Looking for a getaway that is a little out of the ordinary? We’ve scoured the 8 least visited National Parks across the States, all out of the way but guaranteed for great travel.

Here’s why:

Kobuk Valley National Park

Kobuk Valley National Park attracted only about 800 visitors each year in the last few years, making it one of the most least visited national parks. It is located in the Arctic Circle and is accessible only by foot, dogsled or snowmobile, making it not exactly user-friendly. It hasĀ  no designated trails and roads, too.

What is does feature is a multitude of sand dunes and beautiful caribou. It also has 24-hour daylight one month per year.

Lake Clark National Park and Preservation

Lake Clark National Park and Preservation has about 6000 visitors a year, who undoubtedly are attracted to the 6,297 square miles of clean lakes, active volcanoes, three mountain ranges, glaciers, waterfalls, arctic-like tundra and even a rainforest. Just outside of Anchorage, sled dog teams used to be the best way to travel around the area, but now they’ve been outsourced by snowmobiles.

National Park of American Samoa

With both a rainforest and a coral reef, the National Park of American Samoa attracts about 7,000 visitors per year, each of who enjoy the three islands that offers great wildlife, including flying foxes to humpback whales.

Gates of the Arctic National Park and Preserve

About 10,000 people visit the Gates of the Arctic National Park and Preserve each year. This park about the size of Switzerland, is the home to millennia of glaciation and erosion have carved out a beautiful array of valleys, rivers, mountains and crystal-clear lakes.

Isle Royale National Park

Isle Royale is the largest island in Lake Superior, and is only accessible by boat or seaplane. With about 15,000 visitors per year, the island is populated by only about one third of the mammals that are found on the mainland.

North Cascades National Park

North Cascades National Park in Washington deliver an Alaska-type feel… without heading too far north.
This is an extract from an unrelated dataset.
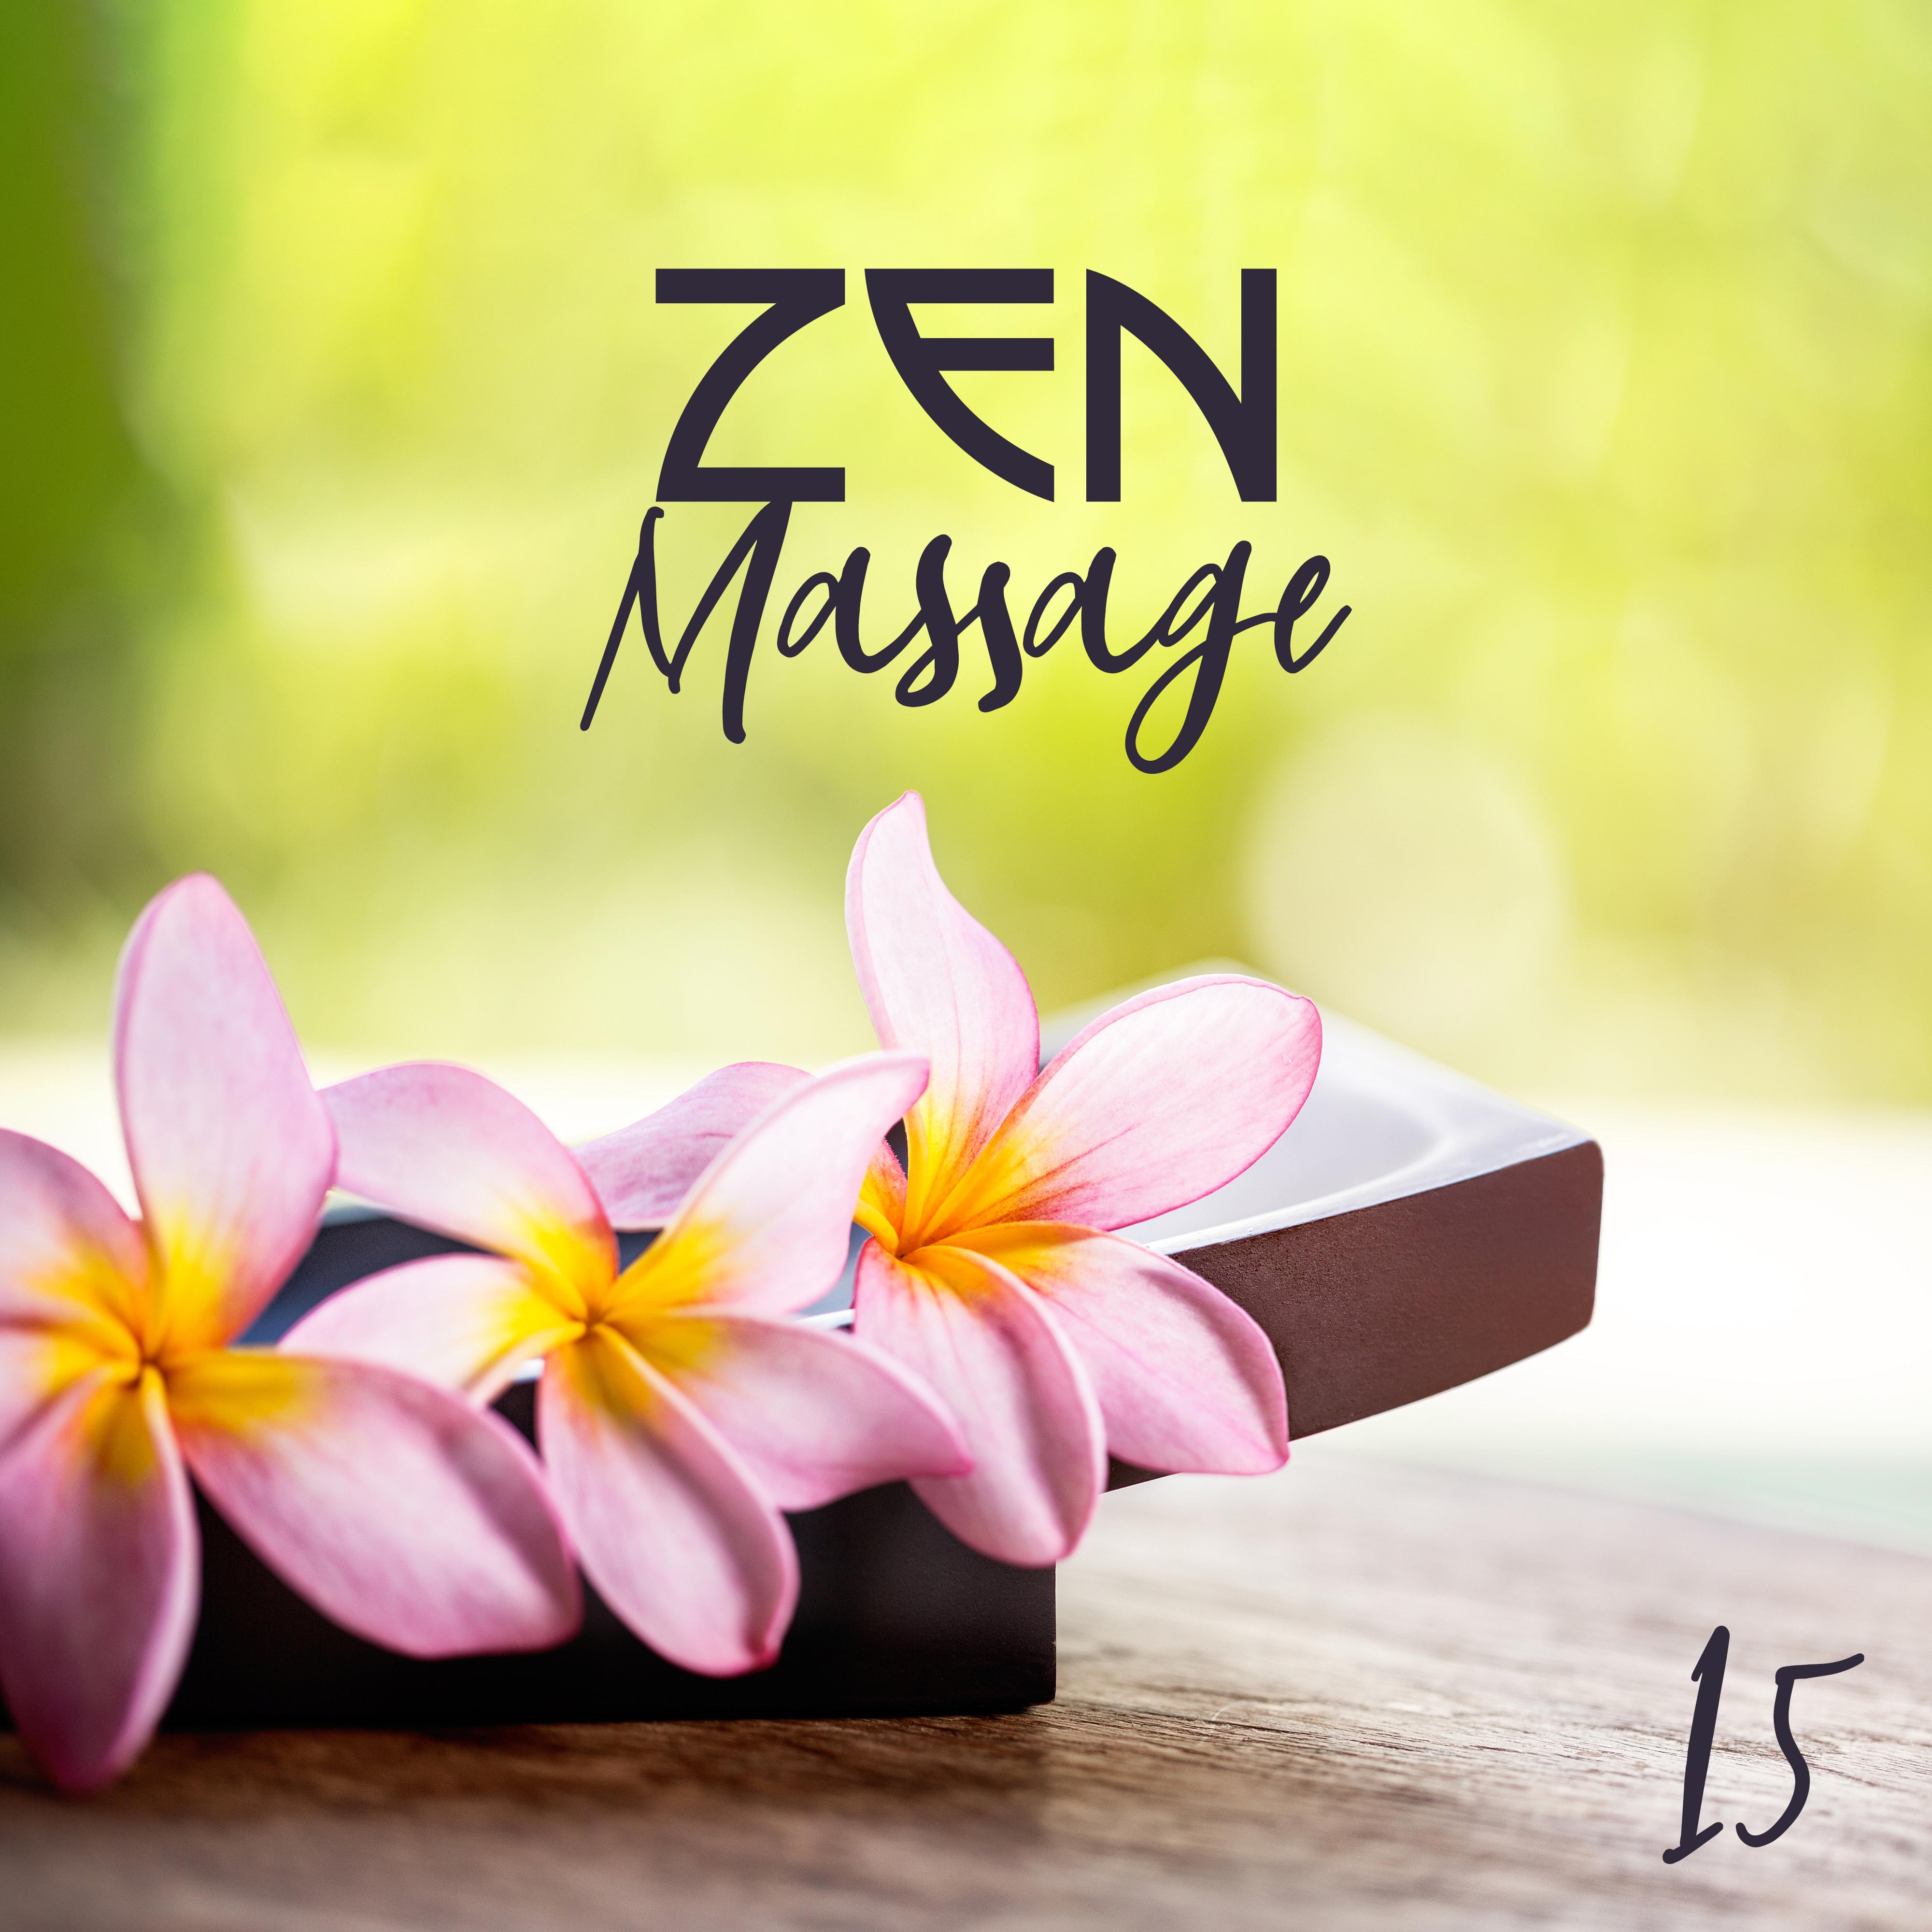 15 Zen Massage

It is laden with bears, moose and cougars, and has the over 300 glaciers, making it the highest number of glaciers outside of Alaska. It attracts about 20,000 visitors per year, and is popular to backpackers and outdoor lovers.

Dry Tortugas National Park

Dry Tortugas National Park is the perfect park for those who love history, especially about the Civil War. It also has pirate ships, treasure, and other historic pluses. And it is accessible, too, with about 60,000 visitors each year. It is located 70 miles west of Key West. They are called the Dry Tortugas islands because they lack surface fresh water (“dry”) and Ponce de Leon caught a lot of sea turtles (“tortugas”) here in the 1500s.

The park also includes Fort Jefferson, a huge brick fortress originally erected to protect the U.S. from Gulf Coast invaders, but also used as a Union stronghold during the Civil War. The fort, is made from over 16 million bricks. This makes it the largest masonry structure in the Western Hemisphere. Another plus is the bird watching: the park is the home to about 300 bird species in the park.

Wrangell-St. Elias National Park and Preserve

Wrangell-St. Elias National Park and Preserve is actually larger than nine states, and the largest of all national parks. It is filled with glaciers and mountains and boasts a generous 13 million acres. Though it is in Alaska, it is accessible– which is why it is visited by about 62,000 visitors per year.